Проклятая планета! Дикий мир: ни пройти, ни проехать. Только вертолётами, а по равнинам – глиссерами на воздушной подушке.

Вертолёты, правда, дикари научились сбивать. И глиссеры уничтожать научились…

Плохие у них привычки, у этих животных. Дрессирует их кто-то, что ли?

Пятьсот шагов. Пятьсот пятьдесят.

Дрессируют… Спросить бы у командира. Так, чтобы понятно, по простому объяснил.

А то ведь до конца не ясно, какой ещё пакости ждать.

Точно, спросить. Утром, после атаки. Если выживем…


Оперативные данные полевой жандармерии по радиоперехвату в секторе «Север».

Группа радиоконтроля полевой жандармерии, сектор «Север», объект «32—46» звёздной системы «Везер-3».

Время 15 и 5 хорра, местное.

В связи с проведением специальной операции против одной из банд, скрывающейся в лесном районе к югу от Скалистой гряды, группой радиоконтроля полевой жандармерии была проведена акция по перехвату радиосообщений и общему контролю обмена данными (в том числе передаваемым по закрытым каналам связи) между командованием наземных сил эскадры Эрхарна и командирами отрядов, участвующих в блокировании и ликвидации банды.

В промежутке между 15 и 15 и 5 хорра нашей группой зафиксированы следующие сообщения, безусловно представляющие оперативный интерес для служб полевой жандармерии.

Доклад направлен на имя полковника Ульмера с копией майору Нейберу.

Запись 1.

Полевая рация, закрытый канал. Передача велась на командный пункт орбитальной станции из района боевых действий.

От лейтенанта Текера фрегат-капитану Кирсти.

«Пока обстановка спокойная, господин капитан. Но скоро всё изменится. Мы зажали повстанцев у холмов в предгорьях. Передовые группы подошли вплотную к их лагерю, на расстояние броска».

От фрегат-капитана Кирсти лейтенанту Текеру.

«Точнее, Текер! Командор любит точность, а вашу операцию я обязательно упомяну в общей сводке по северному участку».

От лейтенанта Текера фрегат-капитану Кирсти.

«Прямая видимость. Затрудняюсь определить расстояние. Но разведка видит лагерь повстанцев, у них горят костры. Никакой маскировки, всё просматривается… Даже странно как-то… Ведём визуальный контроль».

От фрегат-капитана Кирсти лейтенанту Текеру.

«Лейтенант, не атаковать до входа основной колонны повстанцев в шахту!»

Перерыв четверть хорра.

Запись 2.

От лейтенанта Текера фрегат-капитану Кирсти.

«Капитан, разведка осмотрела лагерь. Он пуст. Абсолютно точно… Да, костры, палатки. Капитан, позвольте спросить, откуда поступила информация об уходе повстанцев в шахту? Тут действительно какой-то вход на склоне холма… Кажется, действительно старая шахта…»

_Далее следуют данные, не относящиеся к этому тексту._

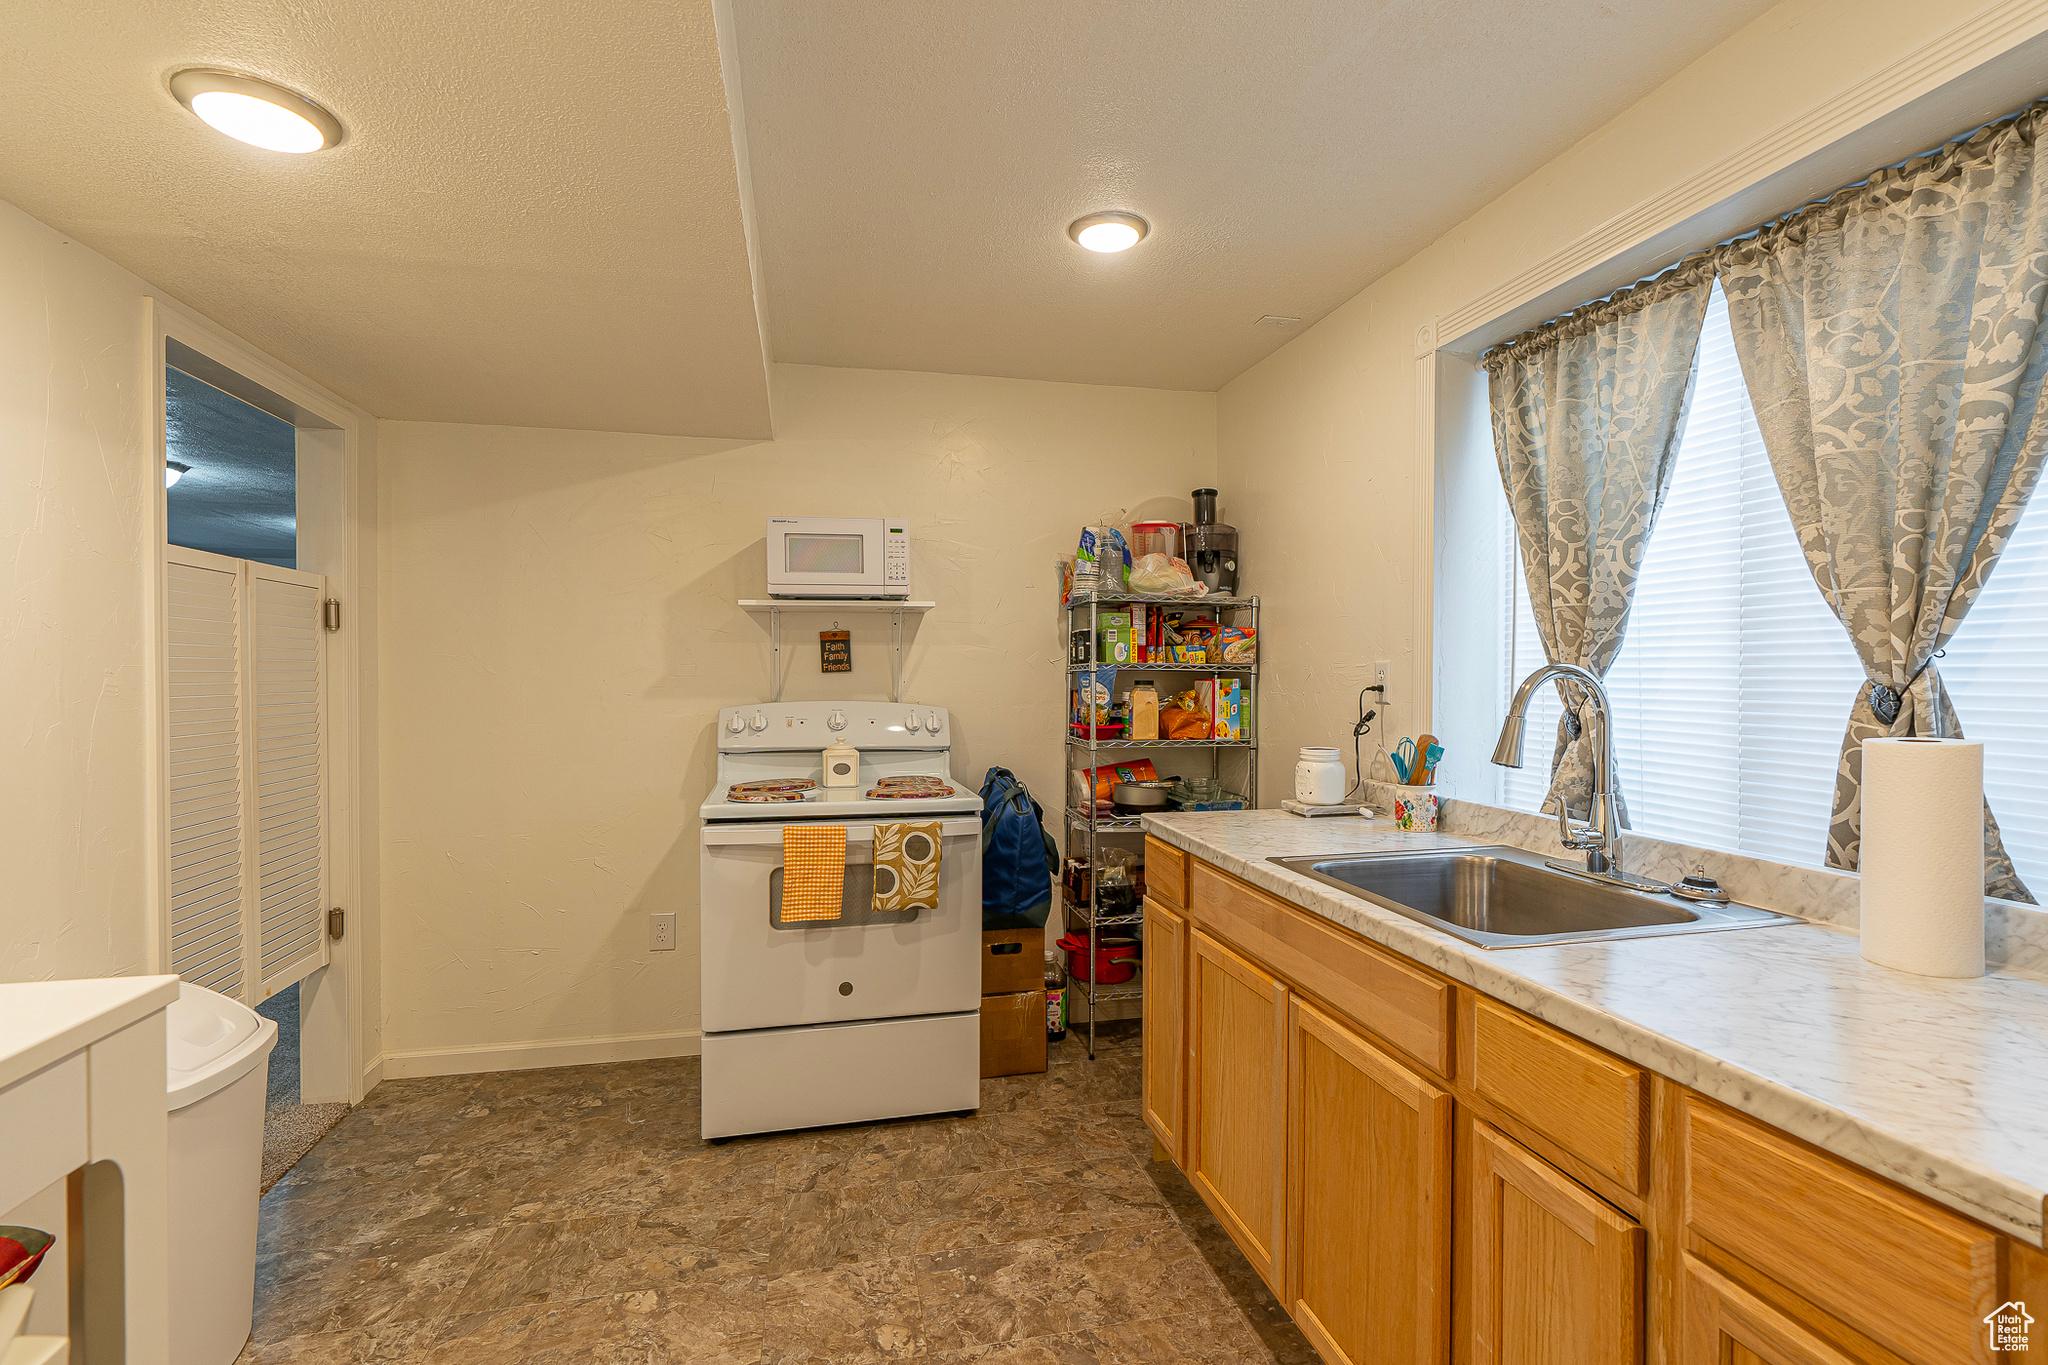 Kitchen with dark tile flooring, white appliances, and sink

От фрегат-капитана Кирсти лейтенанту Текеру.

«… (помехи) вам поступают с опозданием!»

От лейтенанта Текера фрегат-капитану Кирсти.

«Виноват, господин капитан. У меня только информацию от войсковой разведки. Да, они ушли. Весь район перекрыт. Заняться этими подземными гномами?»

От фрегат-капитана Кирсти лейтенанту Текеру.

«Терпение, лейтенант! Дайте им уйти, дайте им хорошенько завязнуть. В бой не ввязываться, под землю не идти. Держите входы под контролем. Через пол-хорра начинайте минировать шахту. Есои вам помешают – атакуйте! Помните, там два входа. Два, не один! Как поняли?»

От лейтенанта Текера фрегат-капитану Кирсти.

«Так точно, господин капитан. Есть второй… Они же уйдут, господин капитан!»

От фрегат-капитана Кирсти лейтенанту Текеру.

«Лейтенант, делайте то, что вам говорят. Выполняйте приказ и ни в коем случае не лезьте в шахту! Им никуда не деться! Минируйте шахту и готовьте взрывные заряды. Как только всё будет подготовлено – активируйте детонаторы и завалите эту дыру к демонам! Вам понятно?»

От лейтенанта Текера фрегат-капитану Кирсти.

«Господин капитан, если в шахте есть тяга, химия не сработает. Нужна высокая концетрация!..»

От фрегат-капитана Кирсти лейтенанту Текеру.

«Лейтенант, не учите меня элементарным вещам! Там нет тяги. Там тупик. Выполняйте! Как поняли?»

От лейтенанта Текера фрегат-капитану Кирсти.

«Да, господин капитан. Прошу прощения, господин капитан. Мы готовы… (помехи) … и начали… (помехи)…»

Перерыв пол-хорра.

Запись 3.

От лейтенанта Текера отделению разведки.

«Да нет, какого демона!.. А вы куда смотрели?.. Да, уничтожить! Попытка прорыва… и чтобы… (помехи)…»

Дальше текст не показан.